All of the polls that we used in this model were taken from FiveThirtyEight, a website owned by ABC News that provides data-driven political news and analysis. It was created in 2008 as a polling aggregation website and blog by analyst Nate Silver.

Priors


Blair Partisan Index (BPI)

A state’s historic voting tendencies gave important insight into its future voting behavior. The Blair Partisan Index (BPI) was a metric we used to quantify how a state had voted in past elections. We calculated BPI by taking the weighted average of the two-party vote percentage earned by the Democratic candidate in the following elections, according to these respective weights:

Election Weight (w)
2014 Senate `0.05`
2014 Governor `0.04`
2016 Presidential `0.042`
2016 House `0.035`
2016 Senate `0.075`
2016 Governor `0.06`
2018 House `0.0435`
2018 Senate `0.10`
2018 Governor `0.10`
2020 Presidential `0.15`
2020 House `0.0945`
2020 Senate `0.11`
2020 Governor `0.10`

For each past election, there was a Democratic two-party vote percentage `D` and weight `w`. Weights were determined by polling our political statistics students for weights and taking the median of the results. The BPI was calculated by taking the weighted average of these previous elections.
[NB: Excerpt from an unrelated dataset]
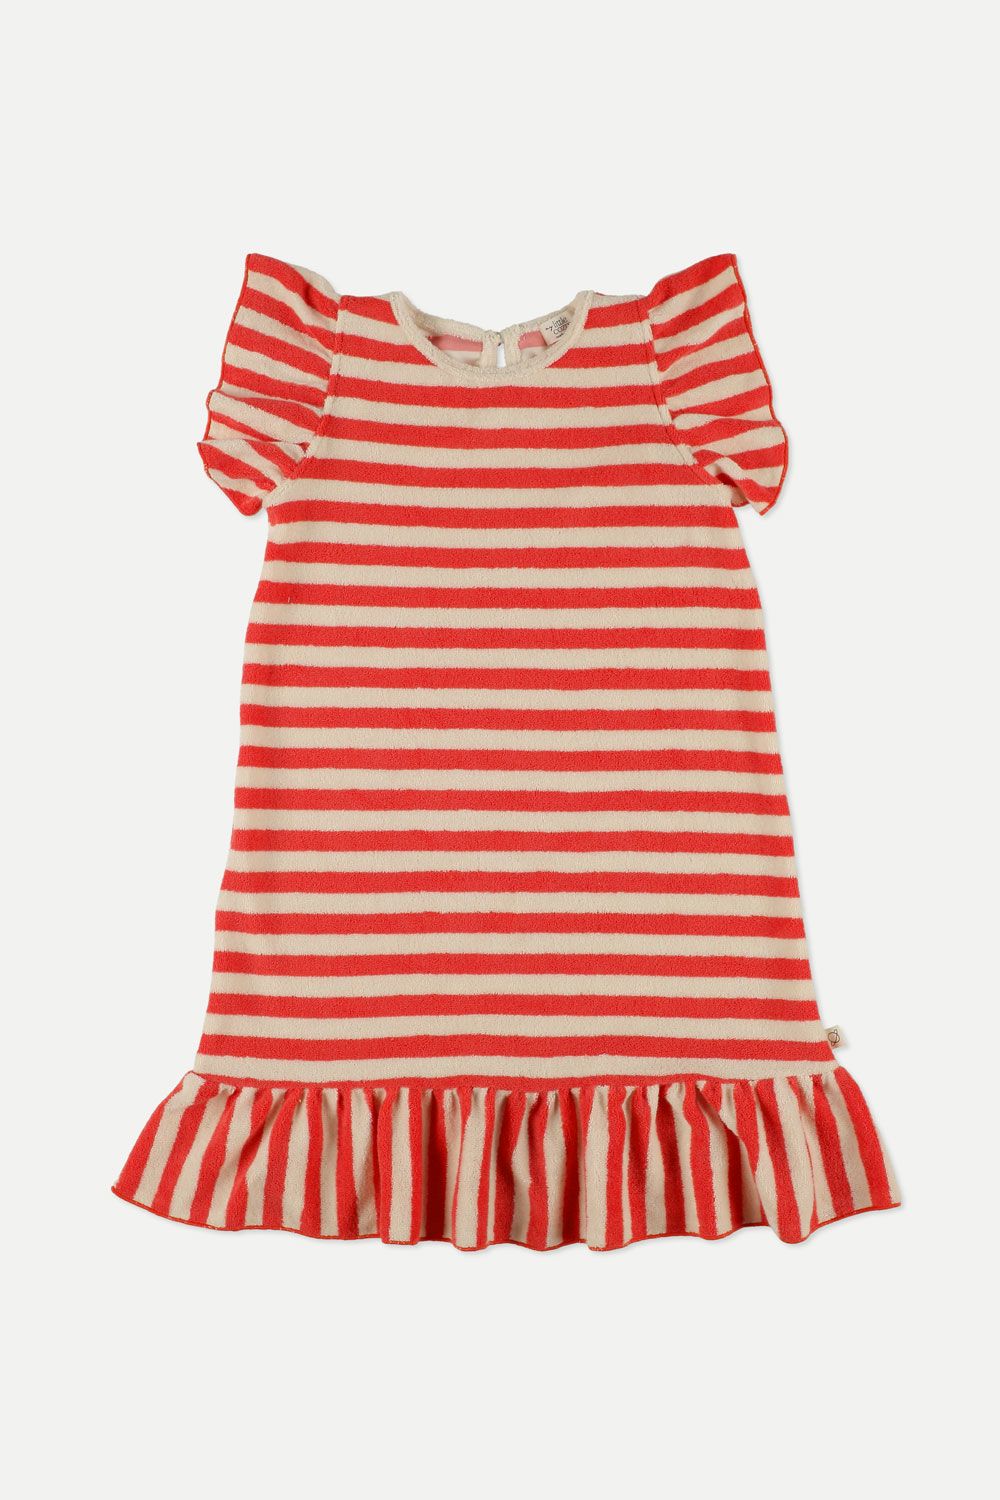 Little Cozmo toweling striped dress (SZ 2-12)

`text(BPI) = frac{sum D_i*w_i}{sum w_i}`

The BPI served as a starting point in our model for estimating the two-party vote percentage that the Democratic candidate would receive.

National Mood (Bigmood)

For the Senate Model only.1

We incorporated a national mood shift (Bigmood) into our predictions for senate races, but not gubernatorial races. The national mood referred to the general feelings of the American people toward the country’s issues and policymakers’ actions. We decided that national mood did not affect voters’ opinions of gubernatorial candidates because gubernatorial races center more on local, as opposed to national, issues. We evaluated national mood through generic ballot polls, which asked people which party (Democratic or Republican) they would support in the election if it were held today.

To calculate the Bigmood, we took the weighted average of Democratic two-party percentages from generic ballot polls that earned at least a C- grade or higher on FiveThirtyEight. We weighted these generic ballot polls based on the number of days that had passed since their end date so that more recent polls had more weight in our model. The weight w for each poll was

`w = e^{-0.05d}`

where `d` represents the number of days since the poll was conducted. This gave more recent polls an exponentially greater impact on national mood than earlier polls.
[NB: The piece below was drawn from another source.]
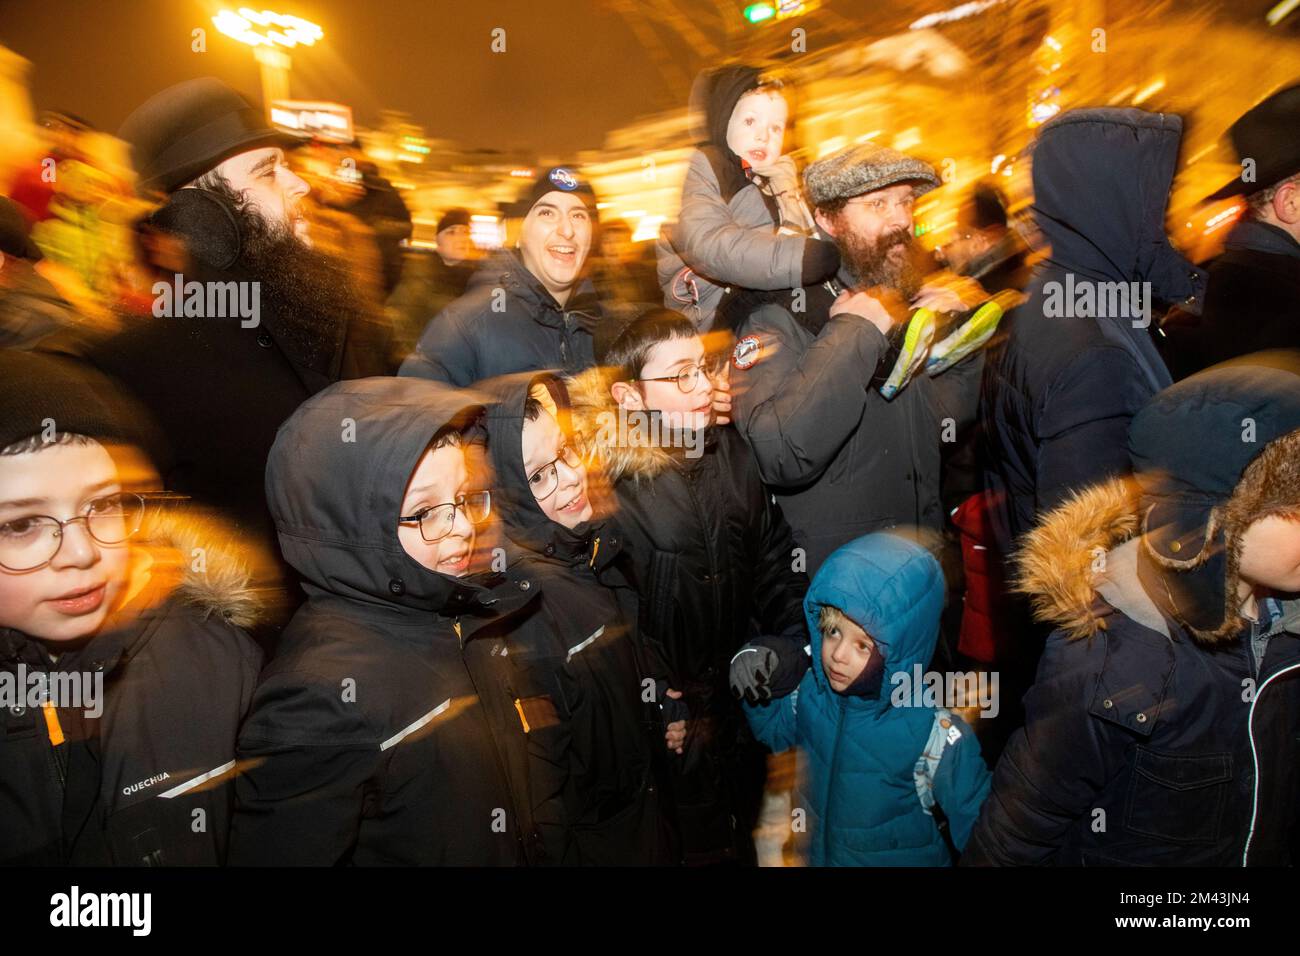 Moskau, Russland. 18.. Dezember 2022. Die Menschen tanzen auf einer Veranstaltung zur Feier von Hanukka auf dem Platz der Revolution in Moskau, Russland. Hanukkah ist ein jüdisches Festival, das der Wiedererlangung Jerusalems im 2.. Jahrhundert v. Chr. gedenkt. Dieses Jahr wird der 18-26. Dezember gefeiert. Nikolay Vinokurov/Alamy Live News Stockfoto

`text(Bigmood) = frac{sum w_i * D_i}{sum w_i}`

We also calculated a sampling variance `sigma_text(Bigmood)^2` for Bigmood, which we used in our simulation as documented Bigmood at the end of our methodology.

BPI and Bigmood On Our Network (BABOON)

BPI And Bigmood On Our Network (BABOON) was the combination of BPI values and Bigmood for each senate race, and represented a single estimate for the prior Democratic two-party vote percentage for every election. We used BPI values in place of BABOON for gubernatorial races, as we decided not to incorporate national mood into our gubernatorial election predictions.

For each iteration of our simulation, we generated a random value from the normal distribution `X ~ mathcal{N}(text(Bigmood), sigma_text(Bigmood)^2)`.

We used `X` to calculate BABOON for each iteration by taking the difference between `X` and 0.5, which represented an even two-party national mood percentage, and multiplying it by a weight of 0.15 and adding it to each race’s BPI value.

`text(BABOON) = text(BPI) + 0.15(X-0.5)`

For gubernatorial races, the shift due to Bigmood is `0` and BABOON is equal to the calculated BPI value.

Averaging Polls

Polling data was a valuable predictor of future voting behavior. In our model, we only factored in polls that earned at least a C- grade on FiveThirtyEight and had no more than one Democratic and one Republican candidate with the exception of Alaska. For Alaska, we categorized any candidate other than the top Democratic and Republican candidates as a third-party candidate. As with Bigmood, we weighted polls based on the number of days that had passed since their end date so that more recent polls had more weight in our model. The weight `w` for each poll was

`w = e^{-0.05d)`

where `d` represented the number of days since the poll was conducted. The average of the polls was determined by taking the weighted average of the Democratic two-party vote percentage `D` for each poll.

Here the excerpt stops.